PROVIDED RECORDS

######

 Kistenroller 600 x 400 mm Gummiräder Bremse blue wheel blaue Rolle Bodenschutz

######

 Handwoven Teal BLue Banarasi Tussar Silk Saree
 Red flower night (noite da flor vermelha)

######

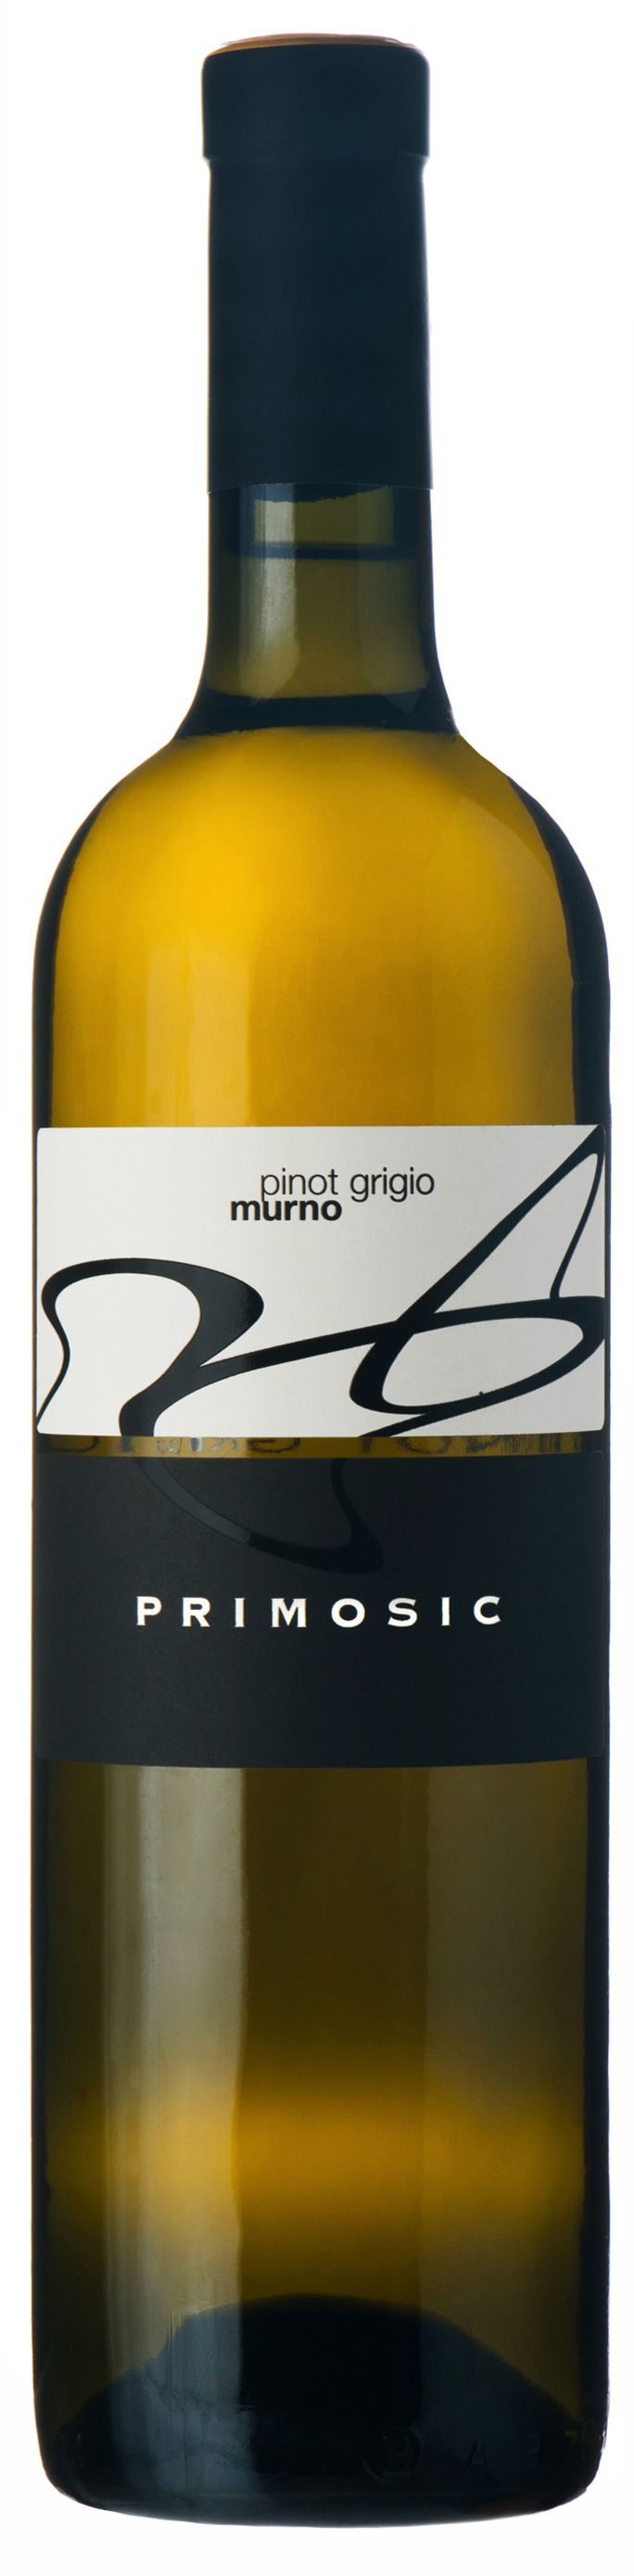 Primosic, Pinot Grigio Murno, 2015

######

WHAT YOU NEED TO DO
Return the span of lines in the data above that opens at the line with "Handwoven Teal BLue" and closes at the line with "Red flower night (noite da flor vermelha)", exactly, ends included, nothing else.

ANSWER SECTION
 Handwoven Teal BLue Banarasi Tussar Silk Saree
 Red flower night (noite da flor vermelha)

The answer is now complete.